DATA BLOCK »
────────────────────────────────────────
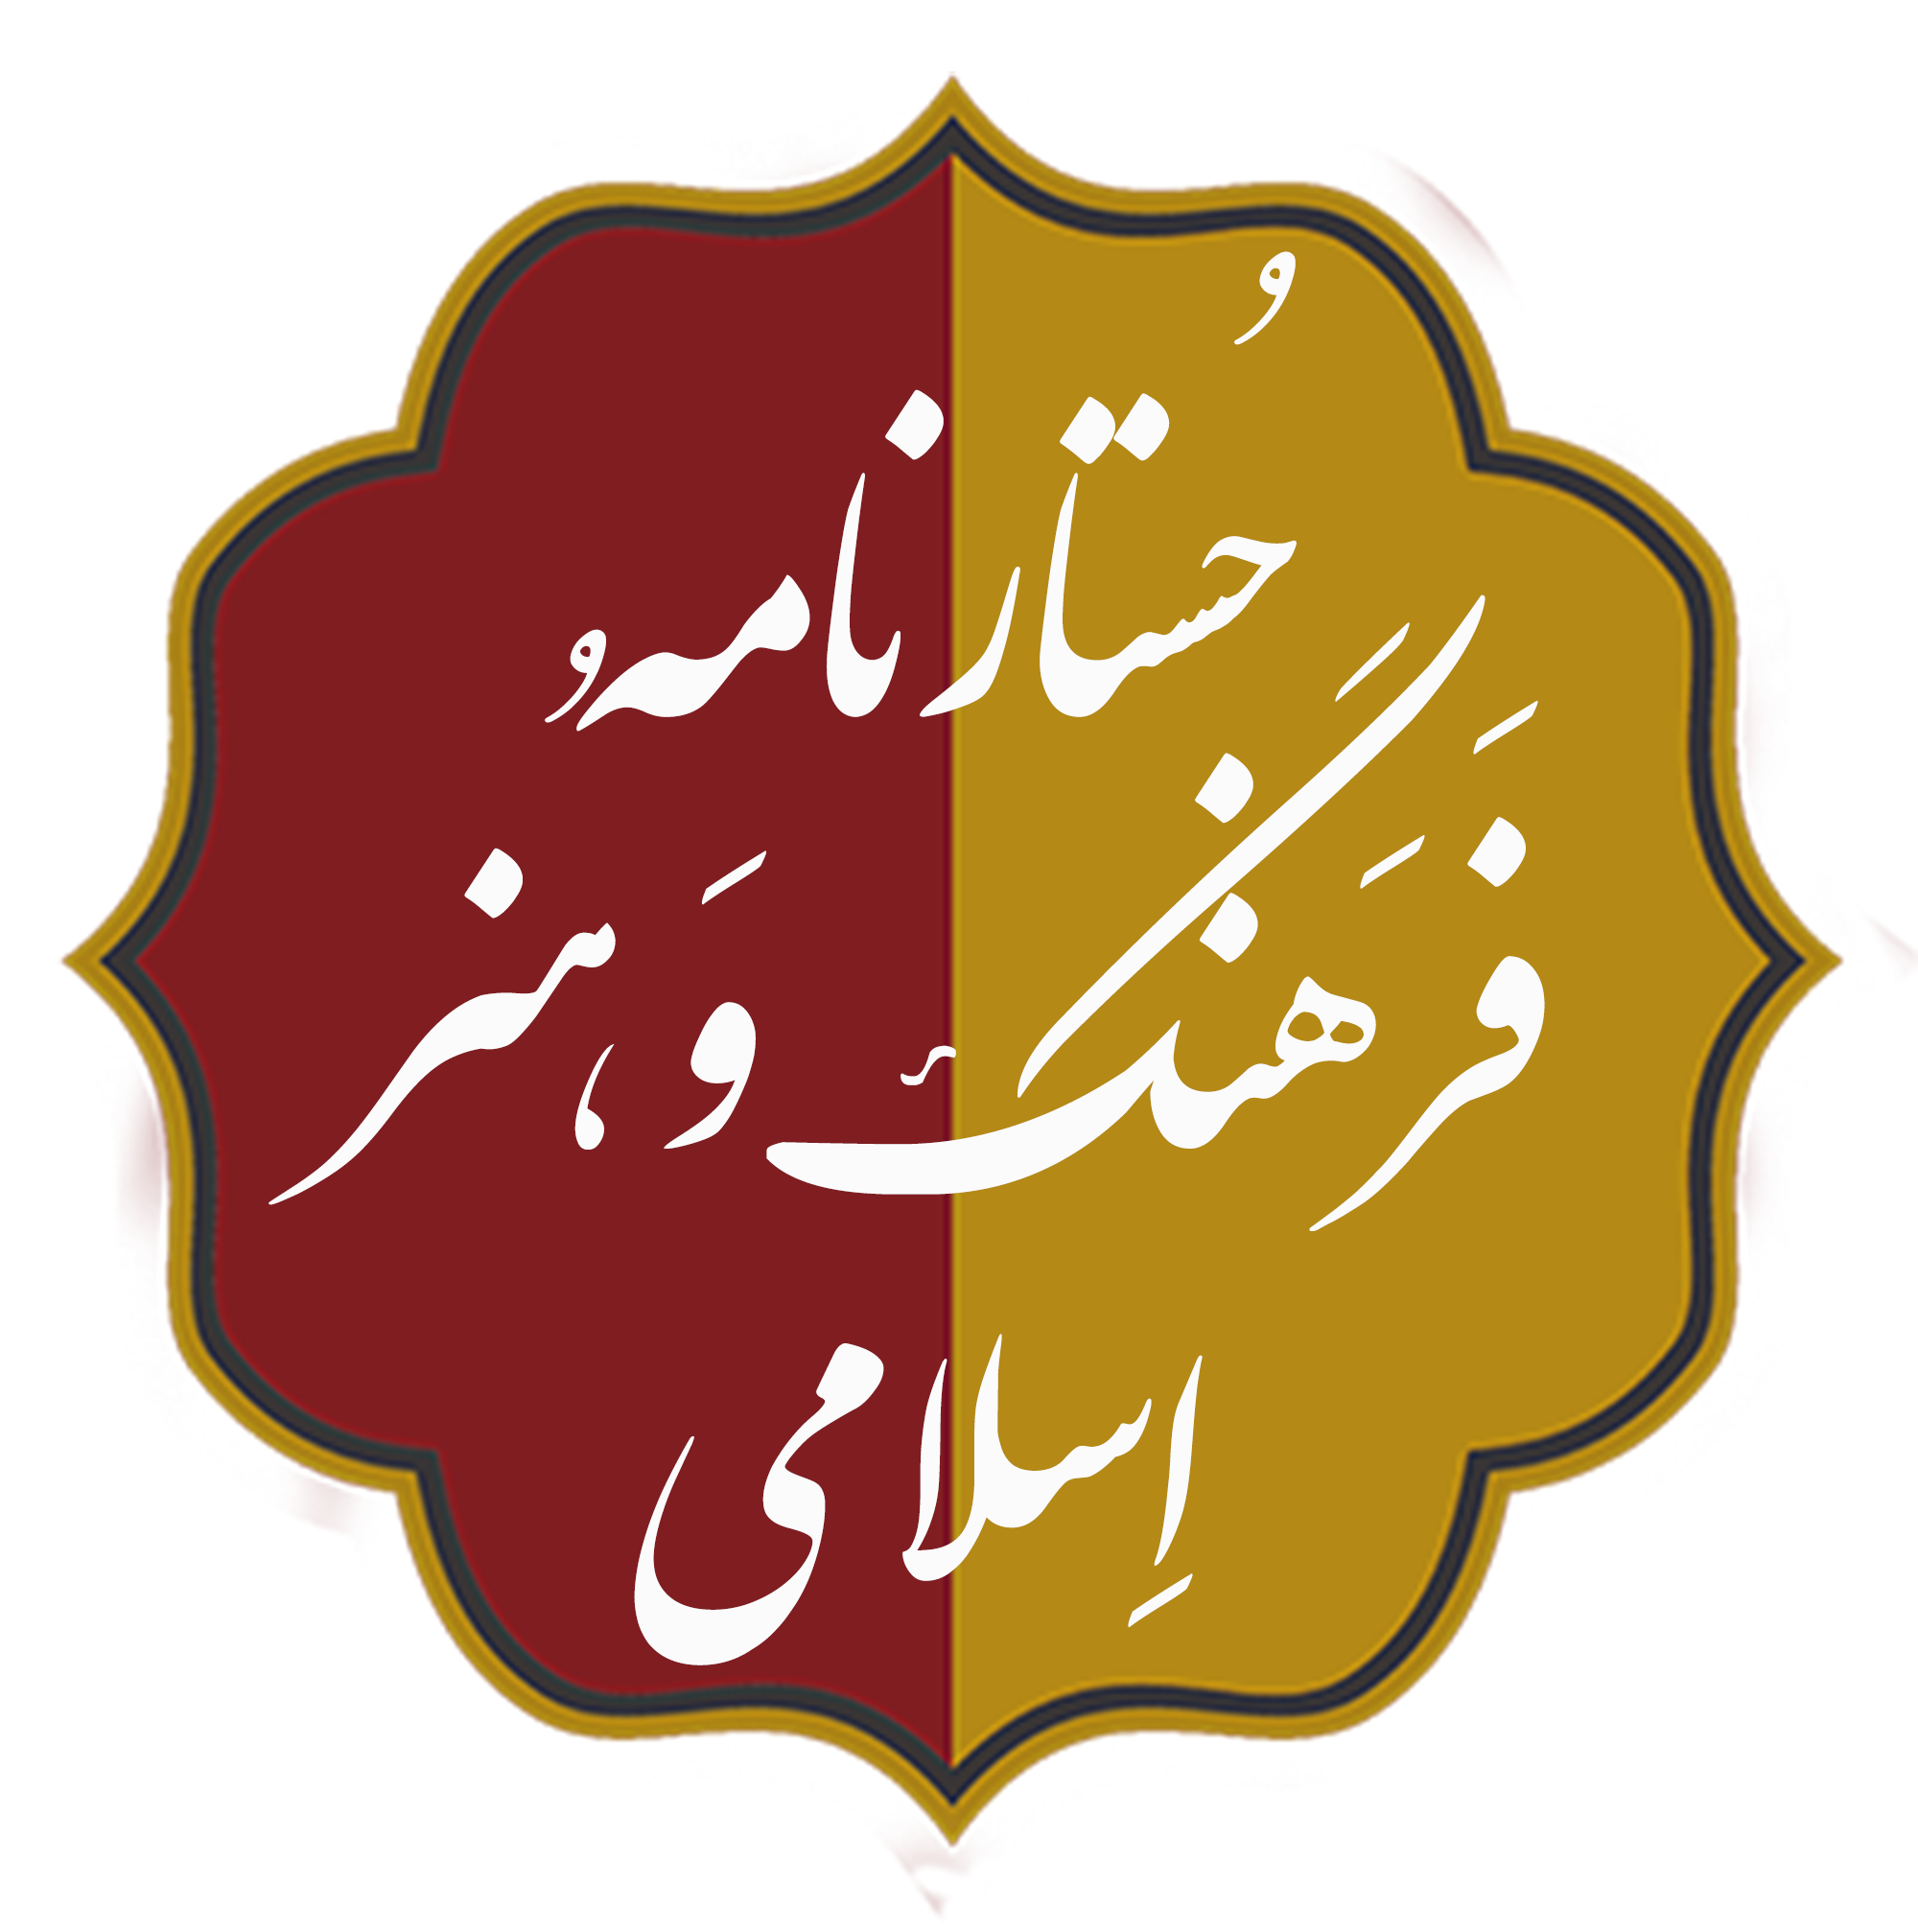 File:جستارنامه فرهنگ و هنر اسلامی.png - Wikimedia Commons
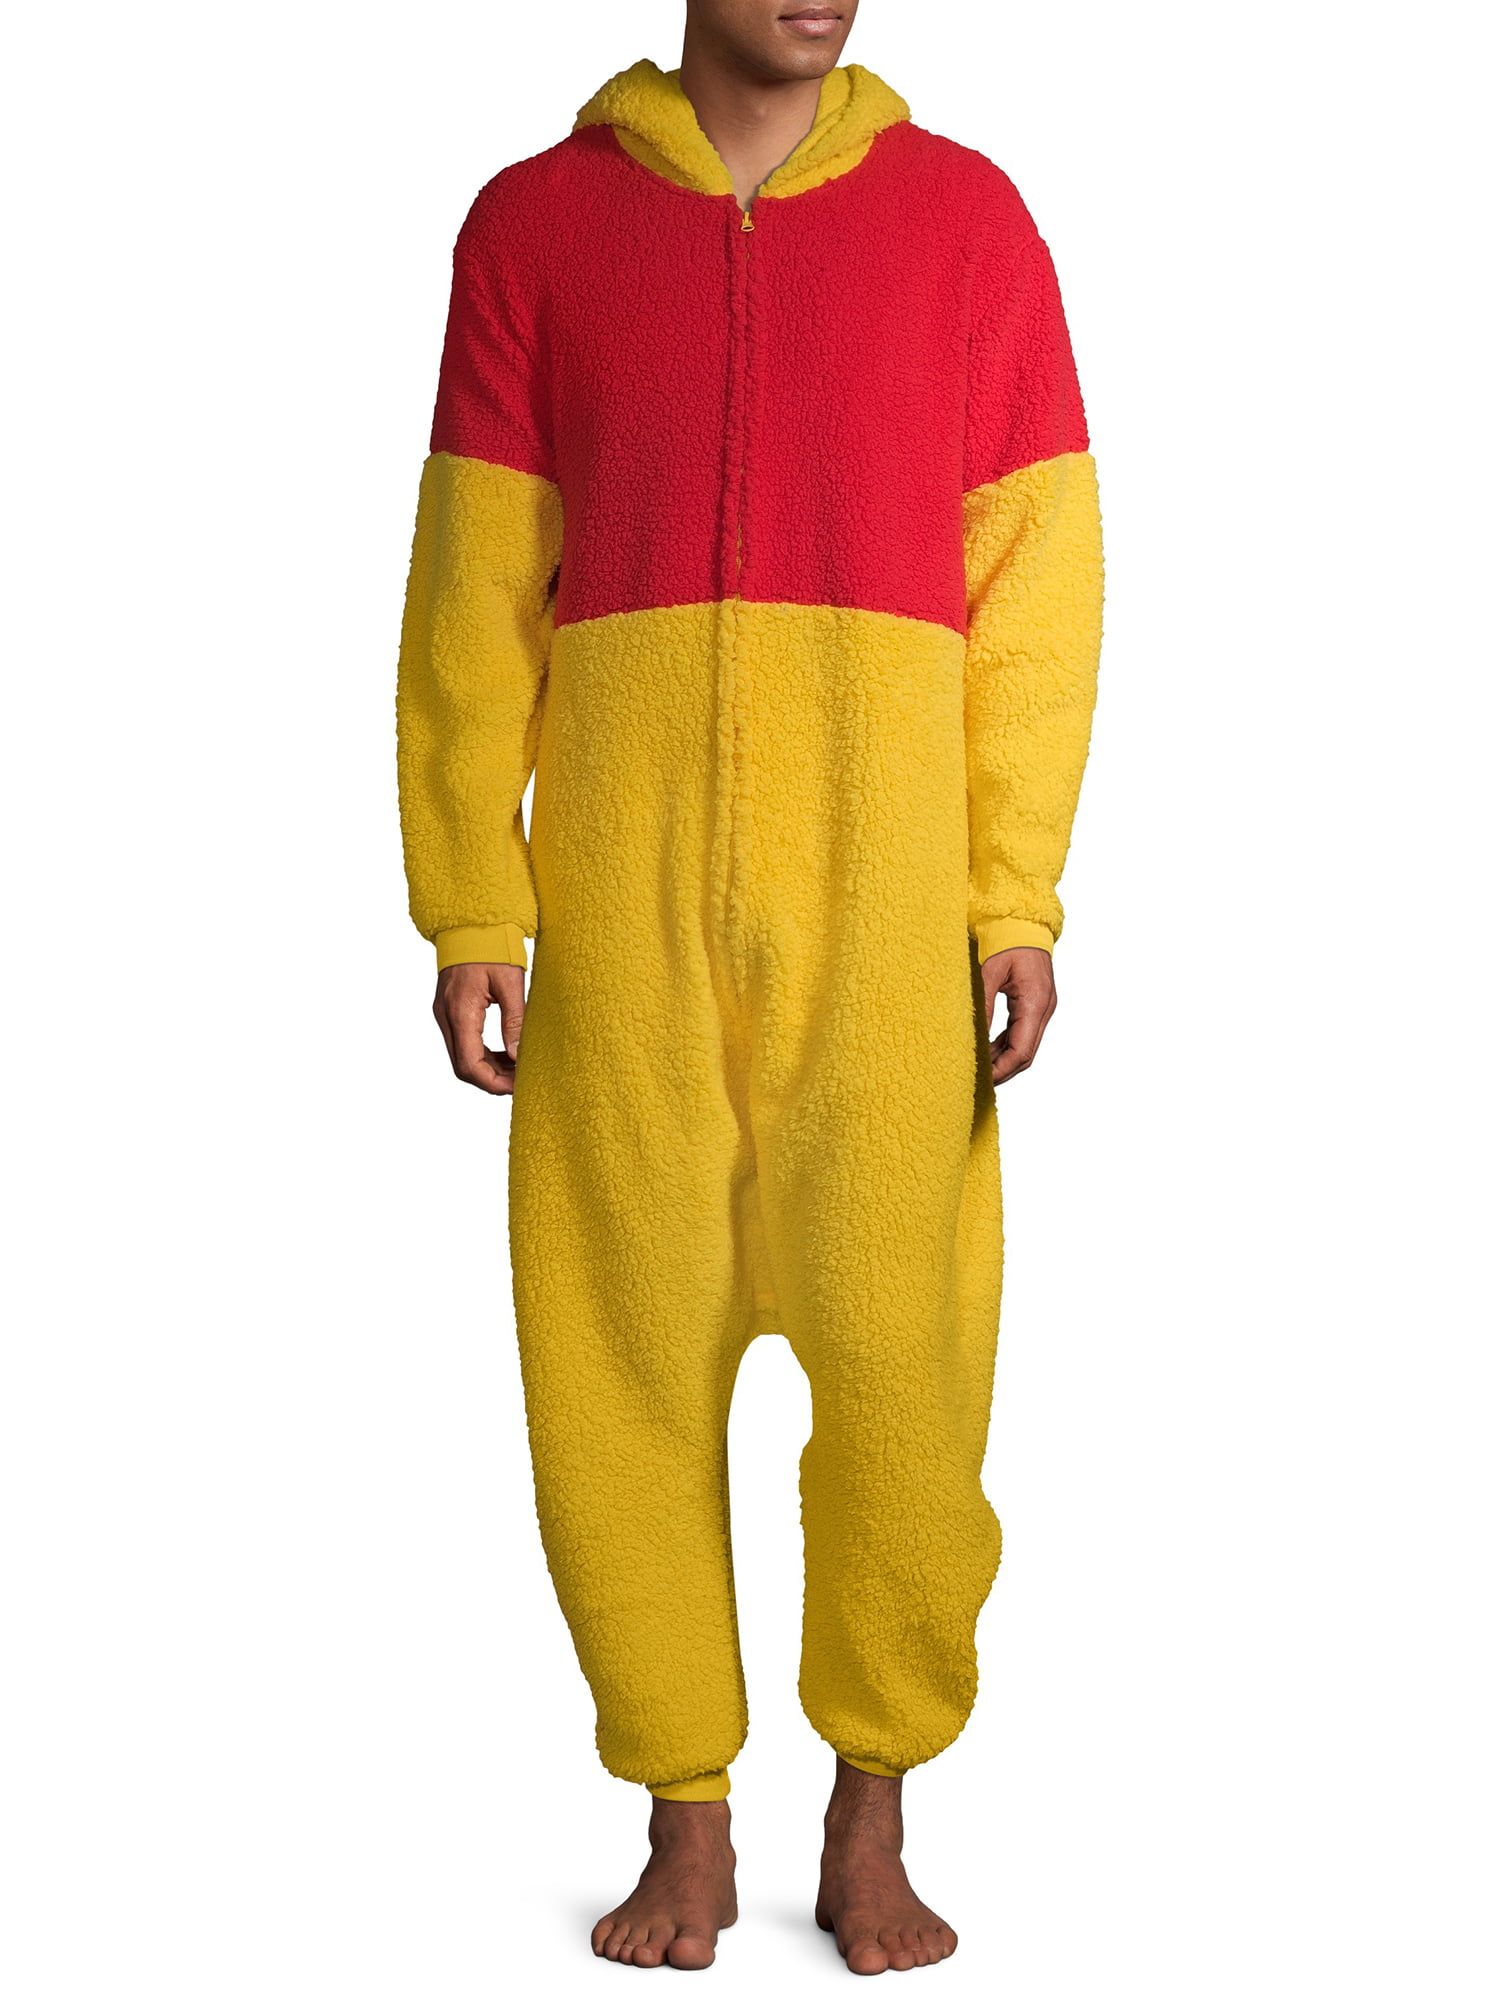 Disney, Adult Winnie the Pooh Pajamas Union Suit, Sizes S-XL -
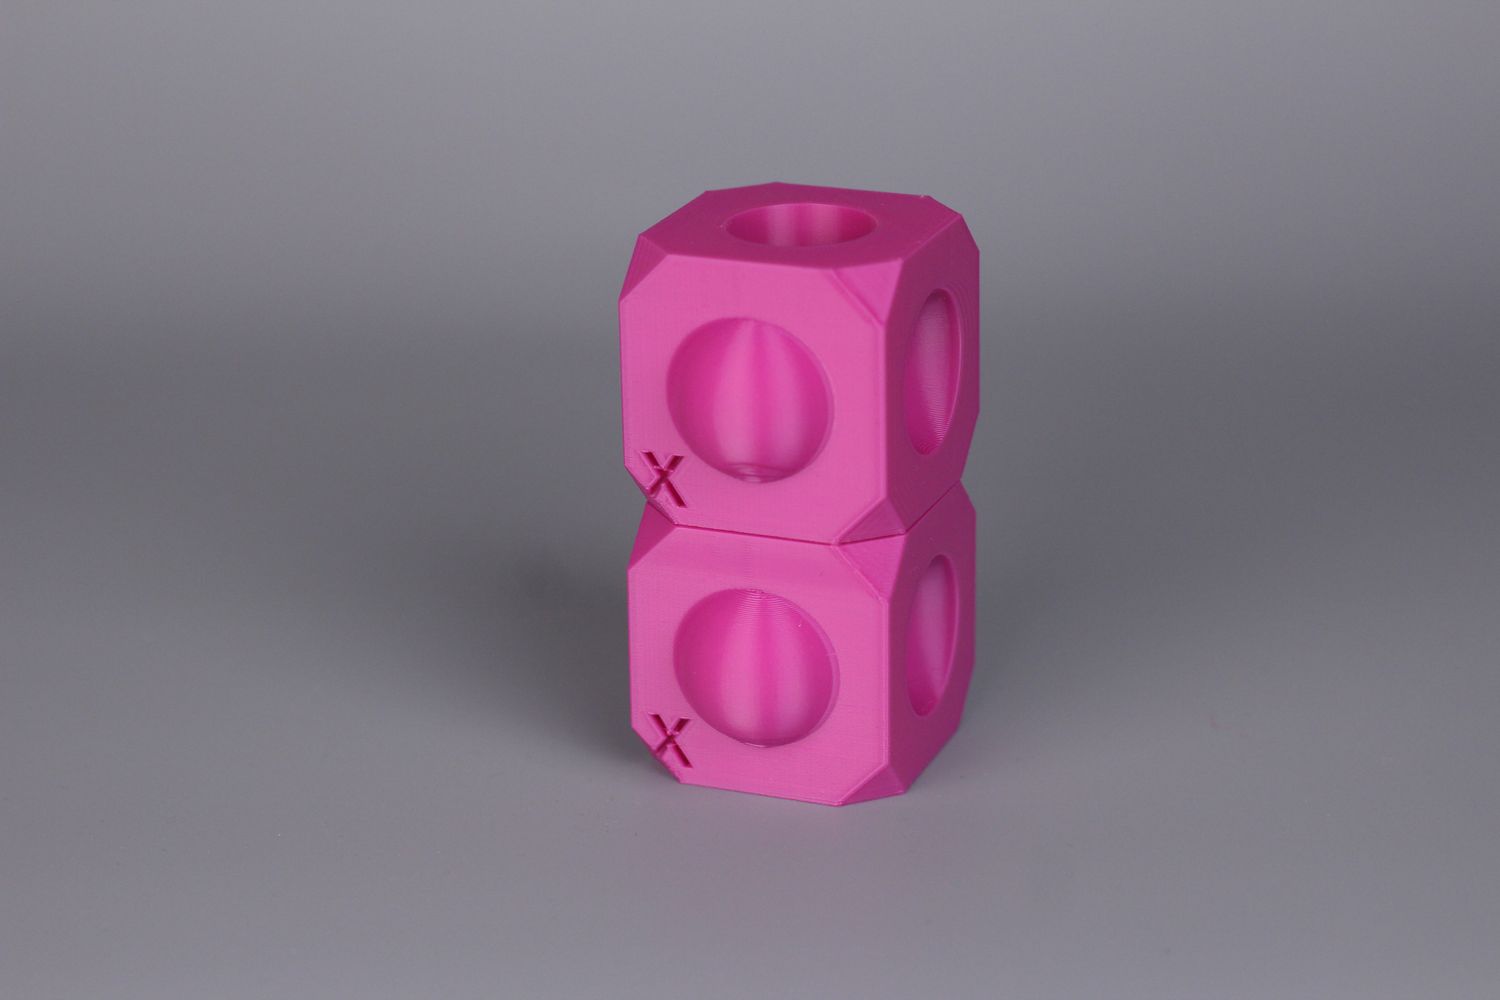 Zaribo Calibration Cube printed on BIQU Hurakan4 | BIQU Hurakan Review: Klipper Firmware on a Budget
────────────────────────────────────────
EXERCISE DETAILS »
Reproduce, with the pictures omitted, exactly those lines that run from the line with "Disney, Adult Winnie" to the last line of the material, both ends included.

WRITTEN ANSWER »
 Disney, Adult Winnie the Pooh Pajamas Union Suit, Sizes S-XL -
 Zaribo Calibration Cube printed on BIQU Hurakan4 | BIQU Hurakan Review: Klipper Firmware on a Budget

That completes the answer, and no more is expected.